Шегаев помолчал. Хоть и на миллионы счет, а все пугачевщина…
— Да я и рад бы, — сказал он. Марк недовольно махнул рукой. — Нас перебьют, конечно, спору нет, — продолжал Шегаев. — Но дело не в этом.
— А в чем же?
— В том, что не предотвратим, а наоборот: спровоцируем огромное избиение. Ты им славный повод дашь: восстание. Под эту лавочку уйму народу покрошат… А потом так гайки закрутят, что оставшиеся сами вымрут.
Он не все сказал, конечно. Его терзала мысль о Наташе Копыловой. Ему удалось через приятелей договориться в Управлении насчет ее перевода в Шестое отделение. Надо полагать, запущенный механизм уже не остановится, и в марте она окажется на новом месте — в Усть-Усе, в том же поселке, при комендатуре которого числится Шегаев… И что же — опять останется одна?
Марк хмурил брови.
— Не понял, — сухо сказал он. — Ясно говори: не пойдешь?
Шегаеву показалось, что в глаза то ли пахнуло жгучим ветром, то ли брызнуло слишком ярким светом, — захотелось зажмуриться. Нелепо надеяться, конечно… а вдруг?
— Почему ж это я не пойду? — с деланым безразличием переспросил он. — Пойду, конечно.
* * *
Мир желтых солнц медленно вращался перед глазами.

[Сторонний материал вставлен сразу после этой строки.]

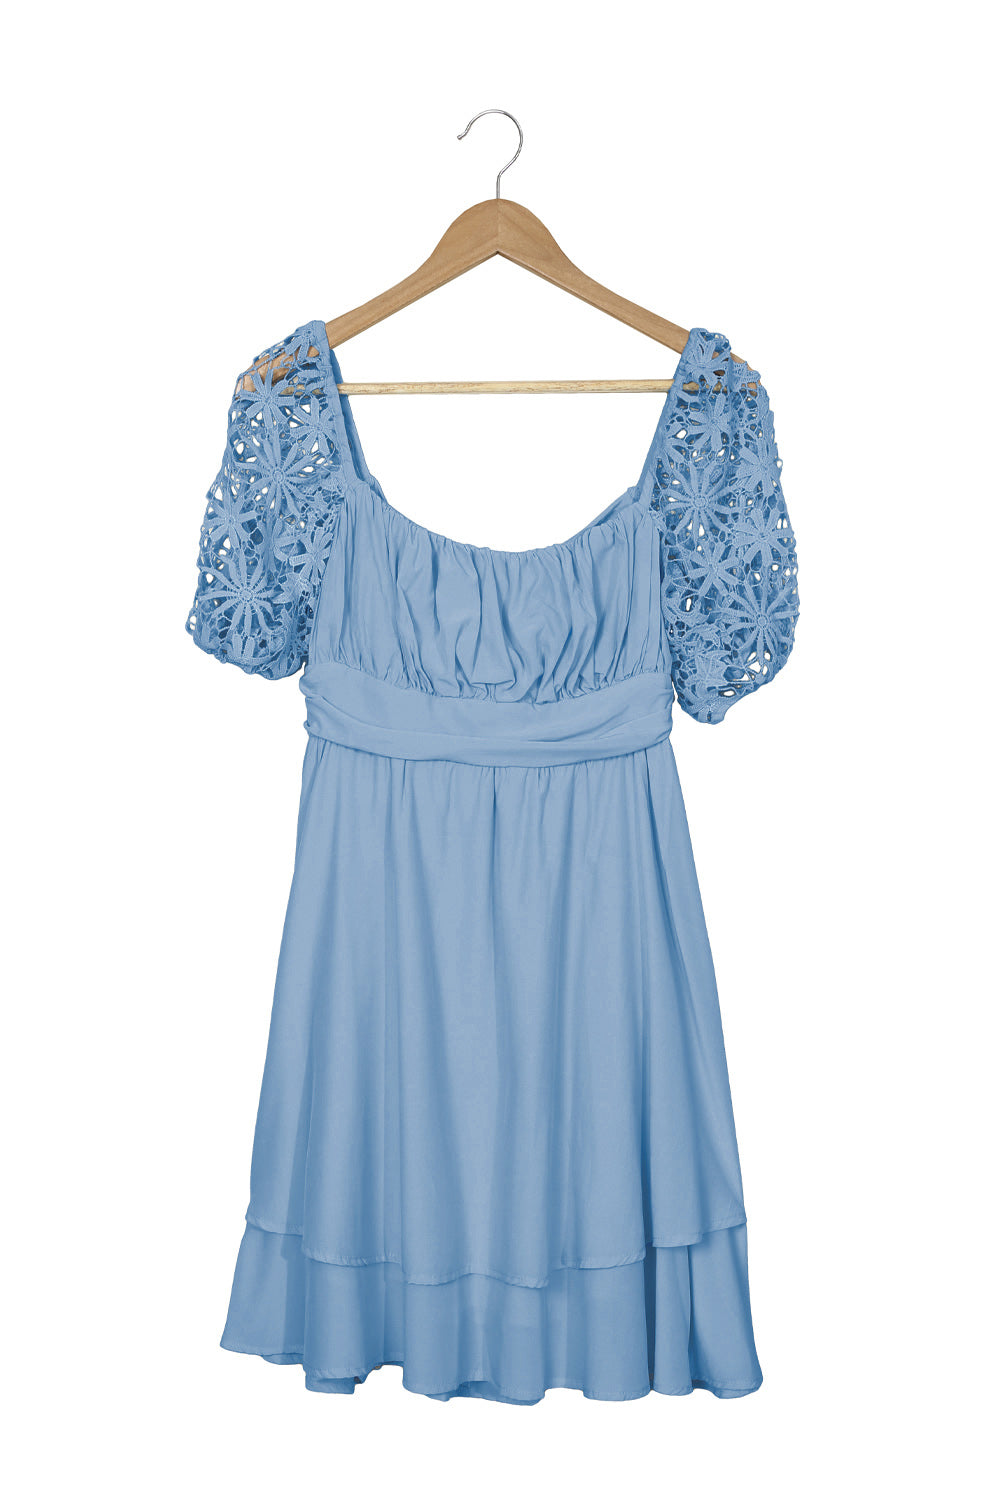 Sky Blue White Puff Sleeve Dress Square Neck Lace Ruffle A Line Mini Dress  LC2211141-4

Каждый поворот обещал долгожданный ответ. Где начинаются ступени Золотой лестницы, ведущей к престолу Бога Великого и Неизреченного?
Слоясь и мерцая, будто улетающие вдаль голубые лезвия, проплывали миры людей, Легов, Арлегов, Аранов, Отблесков, Нирван и Нирванид… Все они были указателями, фонарями, освещавшими путь к первым ступеням Золотой лестницы.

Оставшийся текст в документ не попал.